I'll post a link to the lights I purchased at the end. The way the lights work is you take the reflector off and then you can see the two bulbs (duh!). The ballast is on one end and the wires are in the middle, between the bulbs. If I were to bring the wires into the light fixture the wire nuts and wires would likely be touching the bulbs, unless I electrical tape them to the top, but I'm not sure if that would hold with the very cold winters we have. Just wanted to throw that out there for you! :thumbsup:

http://www.homedepot.com/webapp/[email protected]&ddkey=Search


----------



## Jim Port (Sep 21, 2007)

Normally there is a cover plate for the ballast area where the splices are made. Sounds like you might be missing parts.

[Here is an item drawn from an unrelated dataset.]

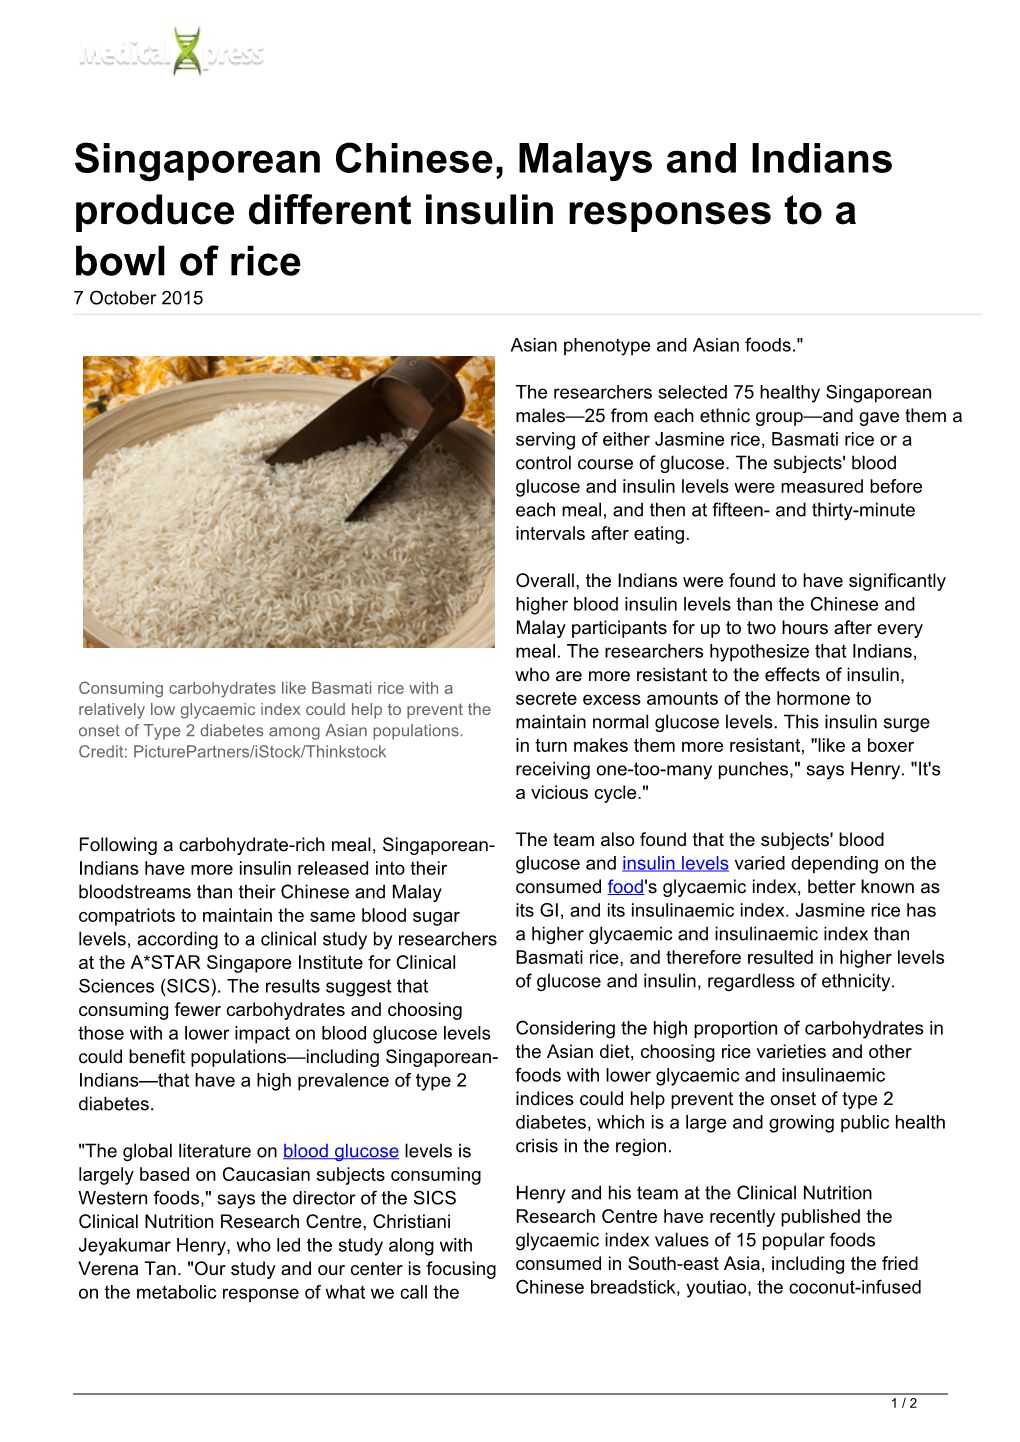 Singaporean Chinese, Malays and Indians Produce Different Insulin Responses to a Bowl of Rice 7 October 2015

If you were to install the junction boxes you need access to the whole face of the box. Yes that means a 4" hole in the back of the fixture over the box. The method posted by the OP is not correct.


----------



## mazeroth (Oct 25, 2009)

Jim Port said:


> Normally there is a cover plate for the ballast area where the splices are made. Sounds like you might be missing parts.
> 
> If you were to install the junction boxes you need access to the whole facwe of the box. Yes that means a 4" hole in the back of the fixture over the box. The method posted by the OP is not correct.


The instructions show the need for a junction box and don't show any sort of cover plate for the wires.

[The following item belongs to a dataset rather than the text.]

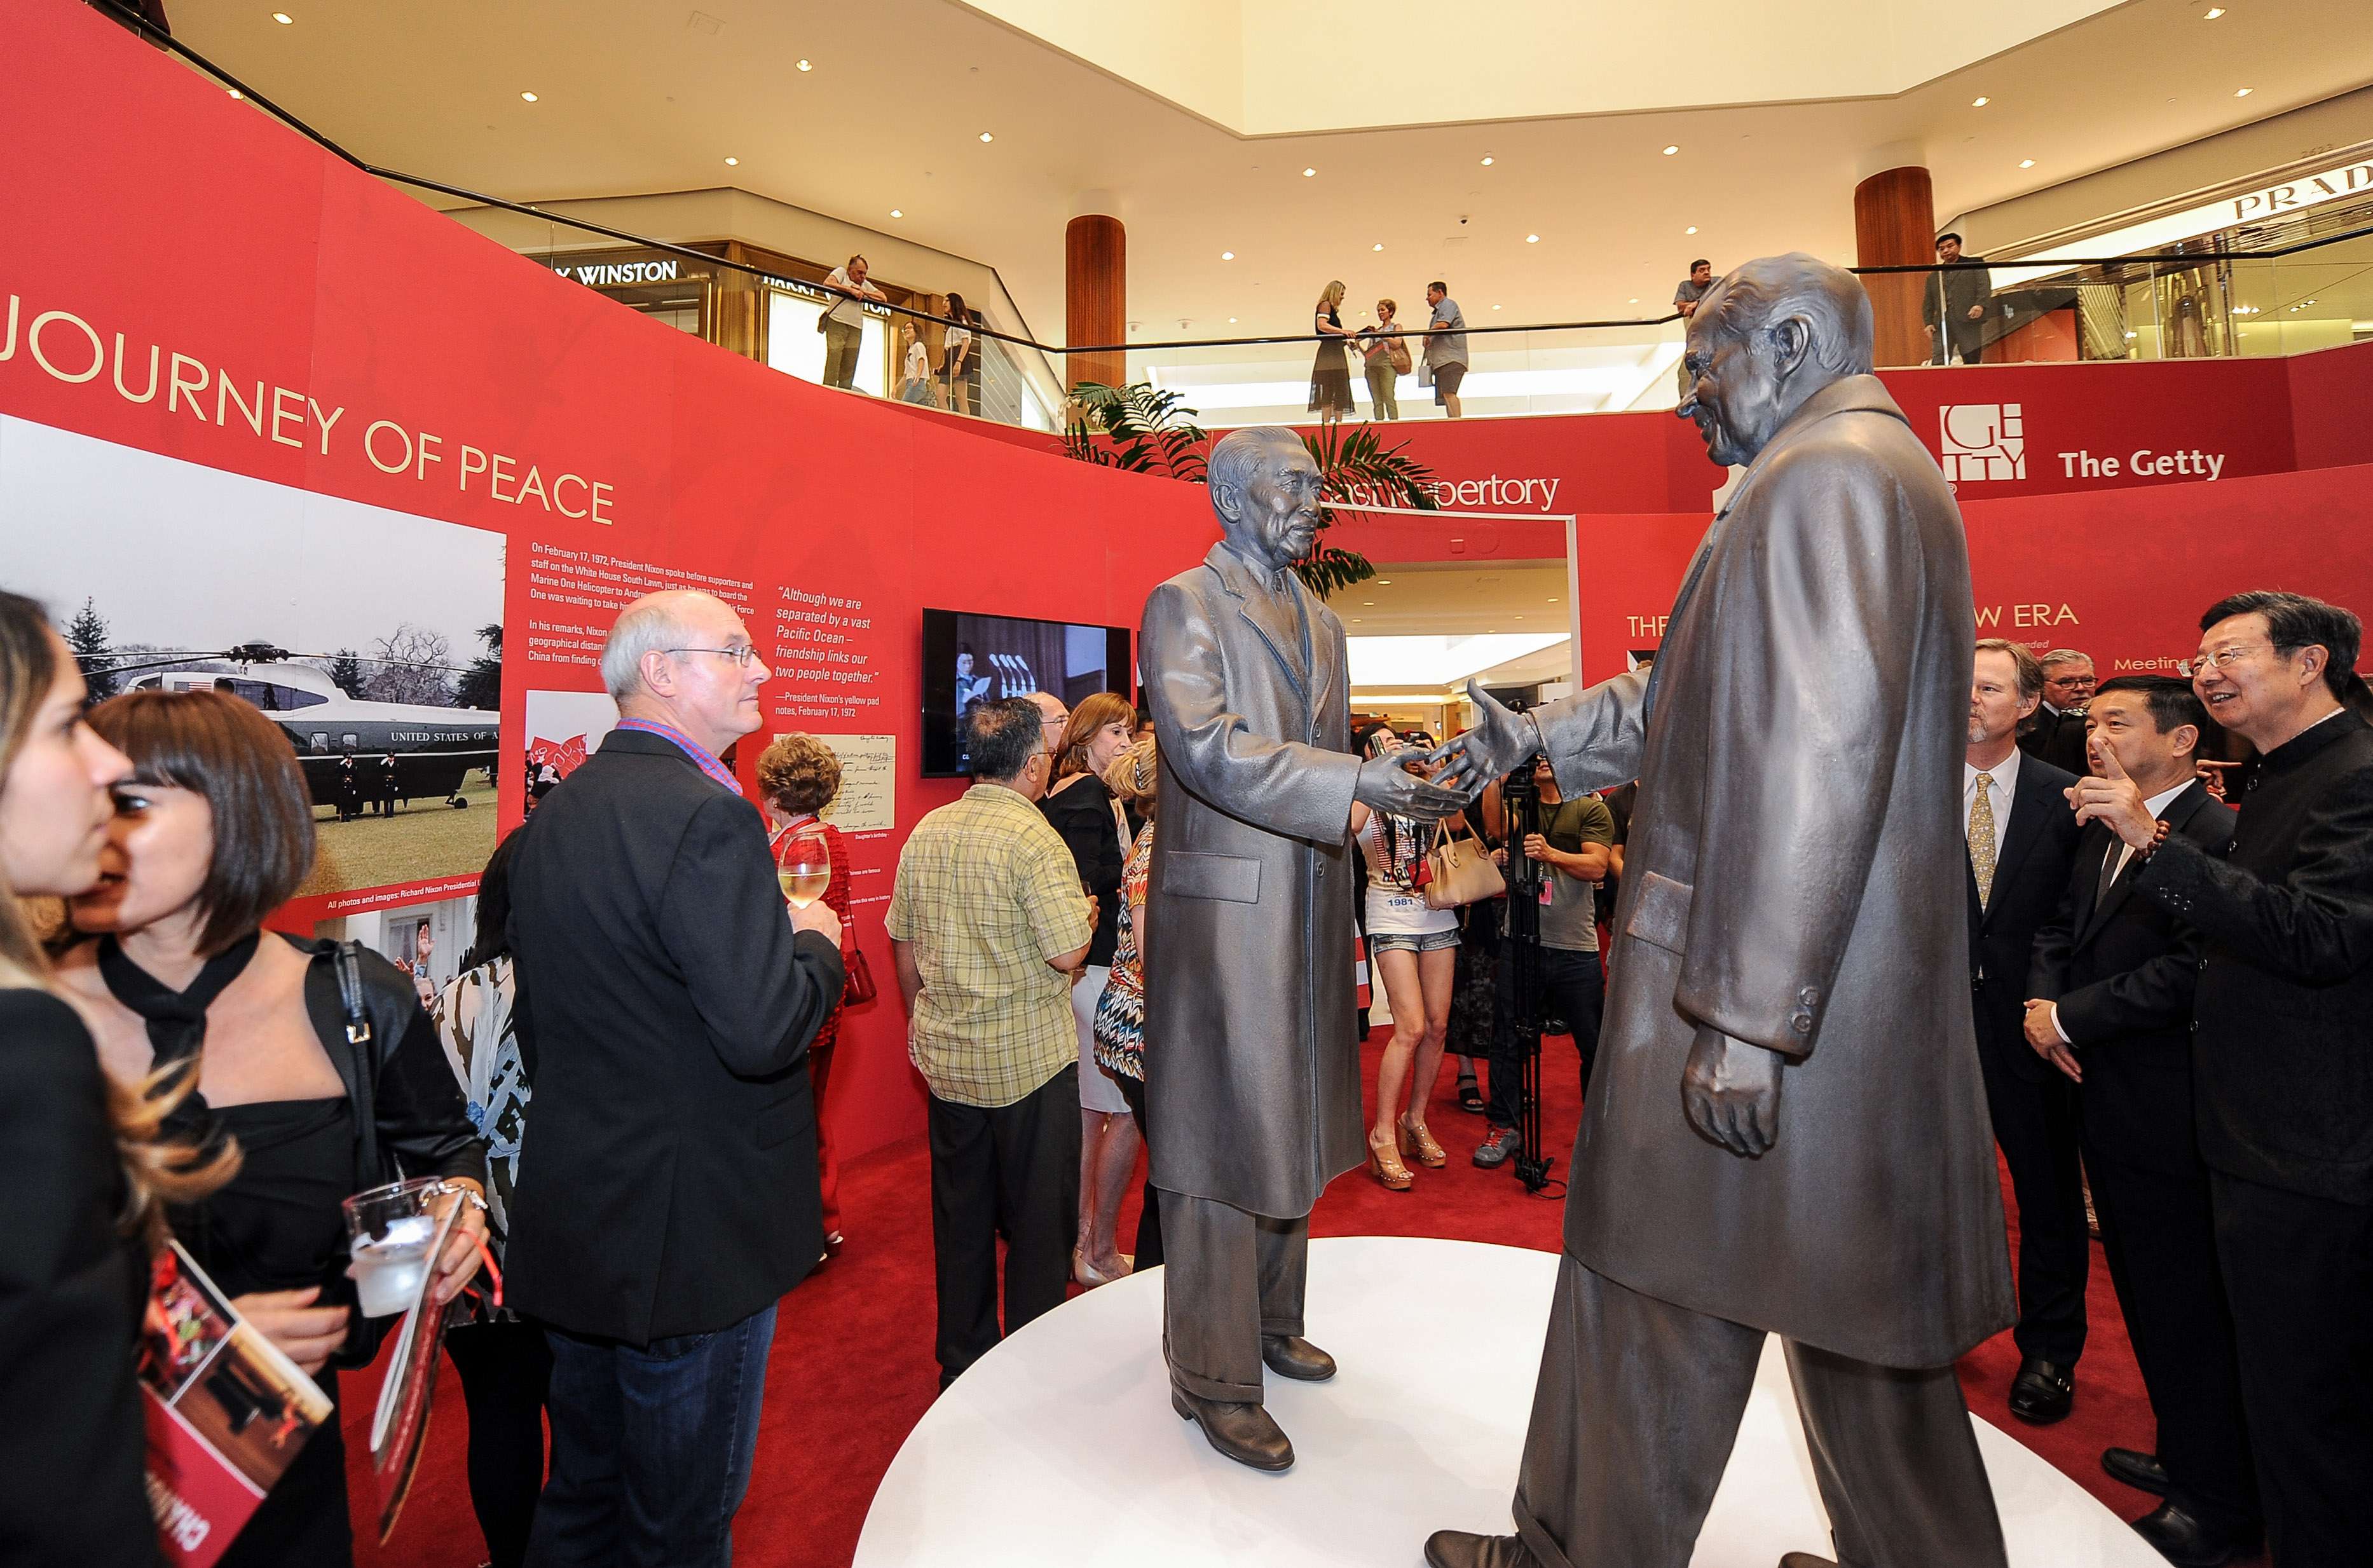 An exhibition focusing on US president Richard Nixon’s 1972 trip to China and 40 years of China-US cultural exchange opened in Costa Mesa, California, last month. Photo: Xinhua

I was afraid I would have to cut a full 4" hole in the ceiling. Not like it really matters as it will be covered by the lighting fixture, but I just thought this would be a relatively simple install after talking to the Home Depot "expert". :no:


----------



## specgrade (Oct 24, 2009)

The top of the fixture should have knock outs for an NM-B cable connector, at least mine did. :thumbup:


----------



## mazeroth (Oct 25, 2009)

specgrade said:


> The top of the fixture should have knock outs for an NM-B cable connector, at least mine did. :thumbup:


Yes, it has two knock-outs you can choose. Does this mean I can use a connector and forgo the junction box?


----------



## rjniles (Feb 5, 2007)

Jim Port said:


> Normally there is a cover plate for the ballast area where the splices are made. Sounds like you might be missing parts.
> 
> If you were to install the junction boxes you need access to the whole facwe of the box. Yes that means a 4" hole in the back of the fixture over the box. The method posted by the OP is not correct.

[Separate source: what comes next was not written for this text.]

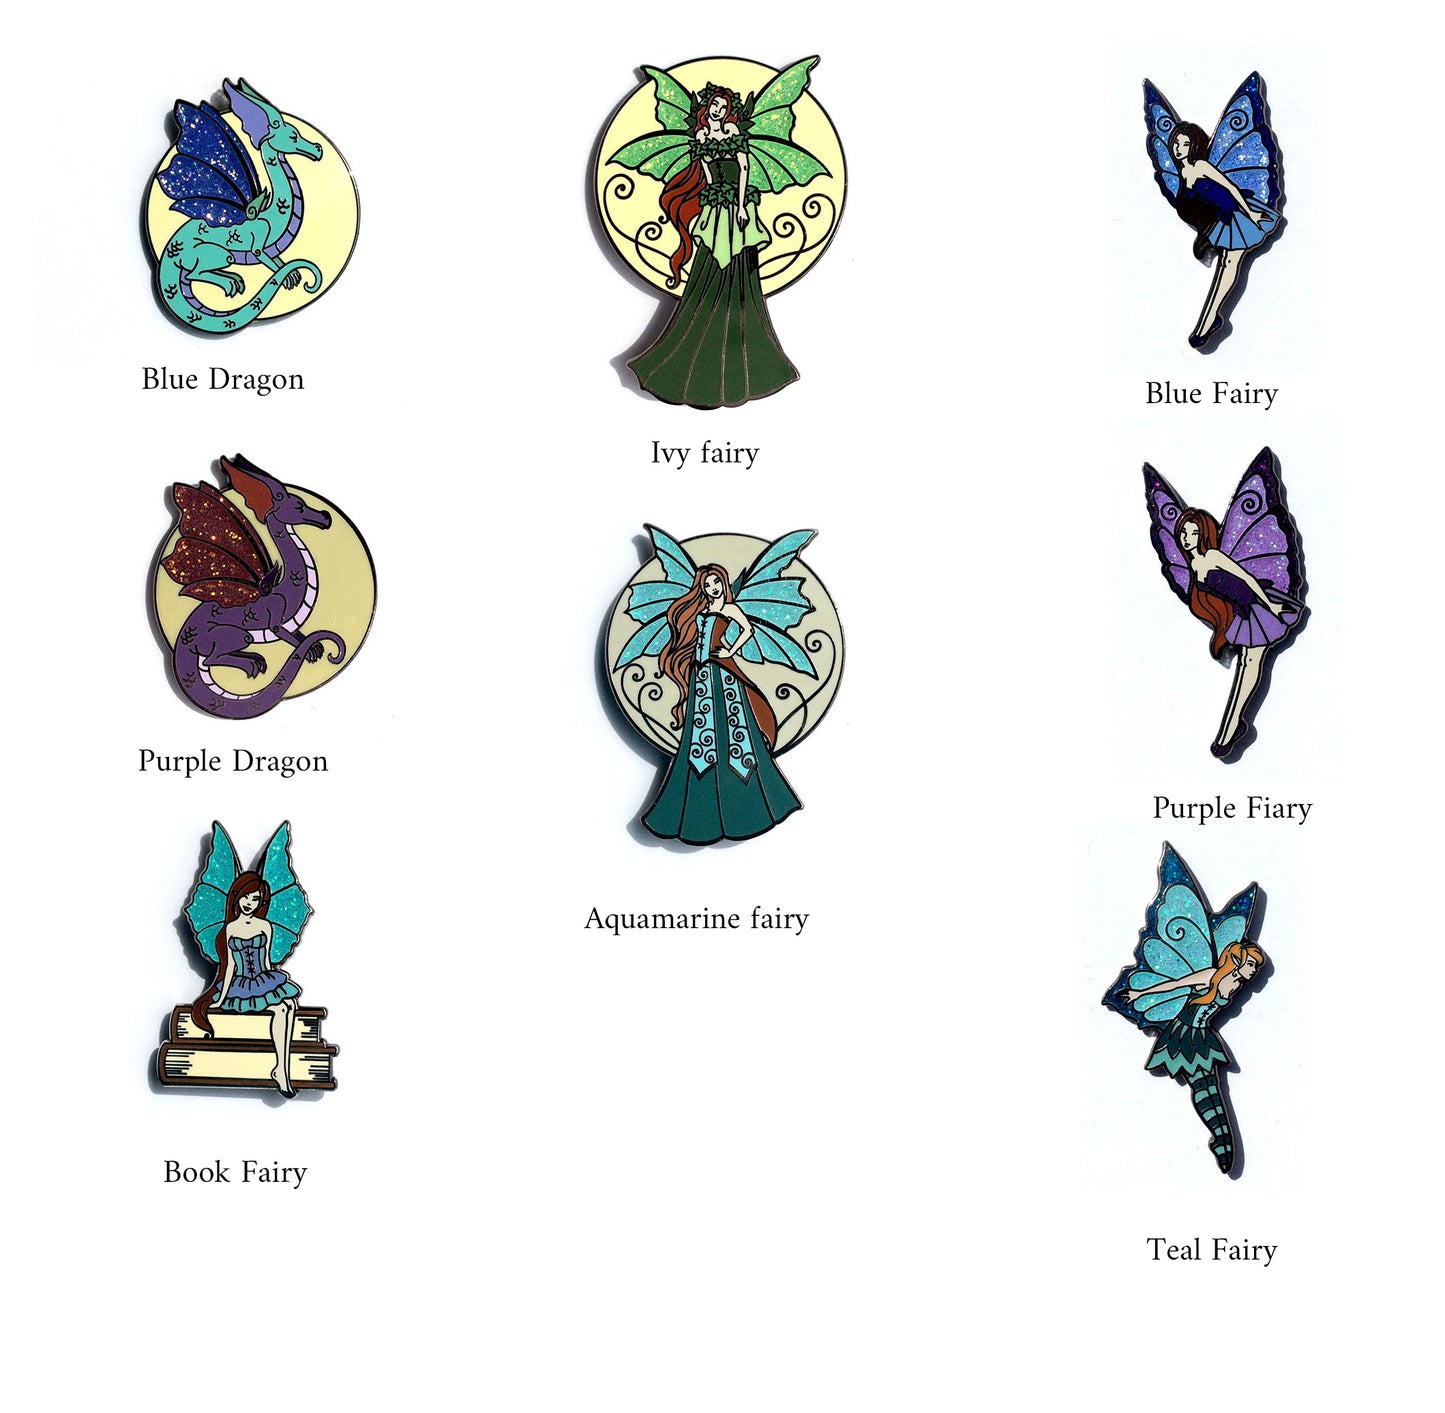 Blue Fairy af Amy Brown, Pin

Jim, why would you need to access the whole face of the box? Just like a standard ceiling fixture (or wall sconce), you take the fixture down to access the box.

Running the NM cable into a fixture knock-out with a connector is the most common method.


----------



## firehawkmph (Dec 12, 2009)

When I installed 8' twin bulb fixtures in my shop, I wired in a 14 ga. whip with a molded plug on the end and put outlets in my ceiling boxes and just plugged them in. Haven't had any problems and it makes it easy to replace a unit if it goes bad.
Mike Hawkins


----------



## Jim Port (Sep 21, 2007)

rjniles said:


> Jim, why would you need to access the whole face of the box? Just like a standard ceiling fixture (or wall sconce), you take the fixture down to access the box.
> 
> Running the NM cable into a fixture knock-out with a connector is the most common method.


Check Article 410.14. Here is a graphic from Mike Holt.


----------



## rjniles (Feb 5, 2007)

Jim Port said:


> Check Article 410.14. Here is a graphic from Mike Holt.


Thanks for the info, Jim.

Learn something all the time from this forum


----------



## specgrade (Oct 24, 2009)

mazeroth said:


> Yes, it has two knock-outs you can choose. Does this mean I can use a connector and forgo the junction box?


 Yes that is what the knock outs are for.:thumbsup:
The light box will serve as the j-box, very common set up.


----------